Households in debt and businesses dealing with the uncertainty that is the aftermath of Brexit will welcome the first cut in interest rates since 2009. Savers, however, will feel the Bank of England has rubbed salt in their wounds.
And, in truth, one wonders whether the 0.25 per cent cut in rates is as much a public relations exercise as any attempt to stiffen the backbone of a decelerating economy.
After all, rates were already at historical lows of 0.5 per cent, creating benign conditions for people to take out loans. A quarter-point move is therefore not a game-changer of any sort.
Any household or small or medium-sized business weighing up taking out a loan – and thereby keeping the wheels of the economy turning – are not going to be swayed by a cut of 0.25 per cent.
With rates in the Deep South already, individuals or SMEs would have pressed the capital-raising button already if they were minded to.
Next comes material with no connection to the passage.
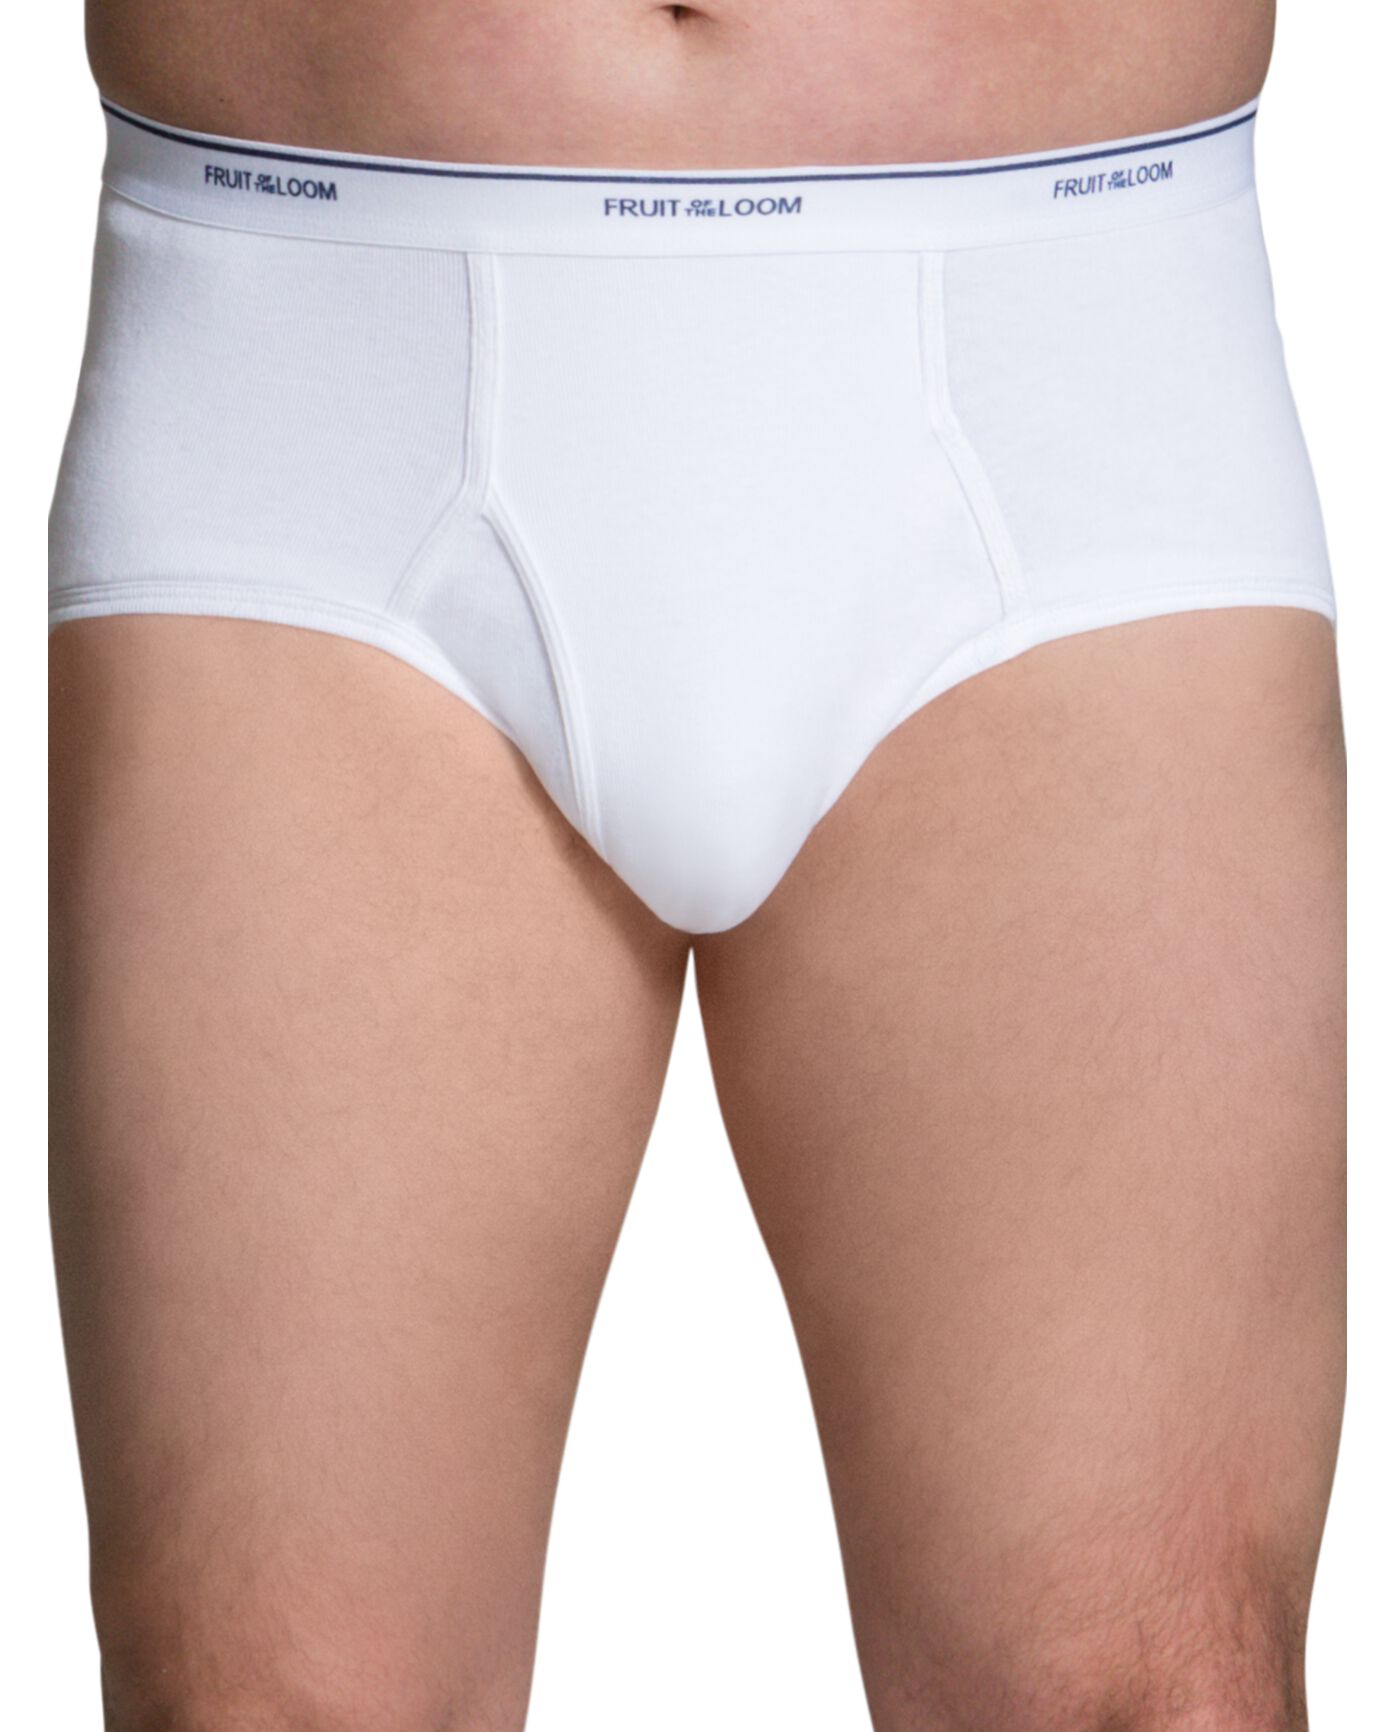 3 Hanes Underwear Briefs White Men Comfort Flex 3XL Tighty Whites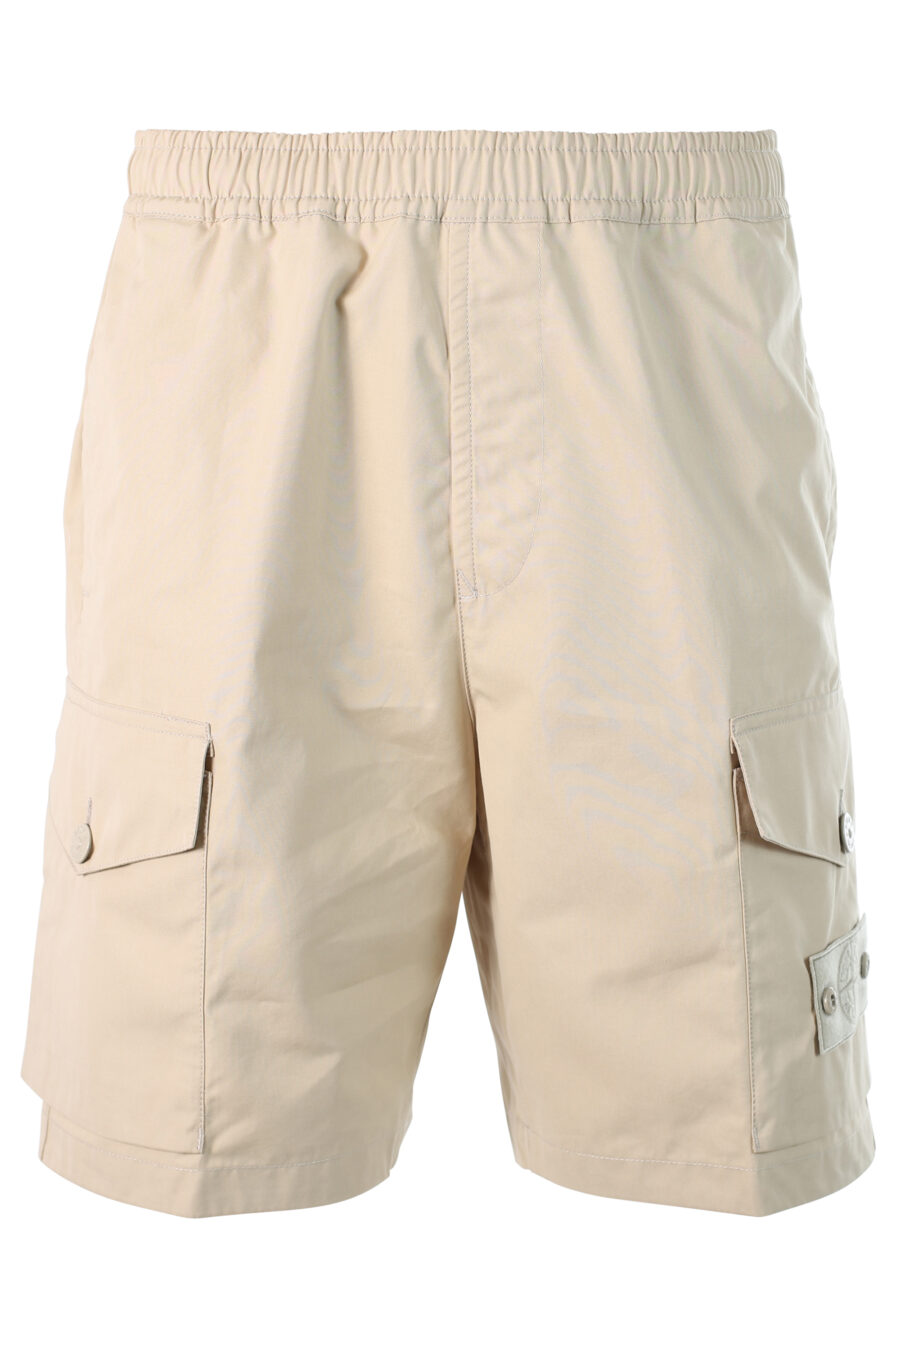 Pantalón beige corto estilo cargo con parche - 8052572538285

And it has been estimated that five out of six mortgage borrowers in the UK will see no benefit from the latest cut.
Meanwhile, businesses cautious on investment are not so because of where interest rates are, but as a result of uncertainty arising from the UK referendum vote to leave the EU.
And that uncertainty will not be dissipated by incremental monetary tinkering. So has the Bank of England moved, even sub-consciously, because it must be seen to be “doing something” in the wake of the shock to the system that is Brexit?
Admittedly, pressures have risen on the Bank to pull some levers, even if no rabbit out of the hat, in the wake of a slew of data that shows UK economic growth is slowing sharply. Services, manufacturing and construction have all been noticeably hit, rasing echoes of the last recession.
In that context, much more meaningful is the BoE’s other action yesterday in expanding its pump-priming £375 billion quantitative easing (QE) programme by £60bn to £435bn – the first QE increase since 2012.
It is also buying £10bn of corporate debt and announced a new scheme worth up to £100bn to encourage banks to lend to households and businesses.
Perhaps the best course of action may have been for the Bank to press the button on that big-picture stuff, but leave the almost red herring of interest rates where they were.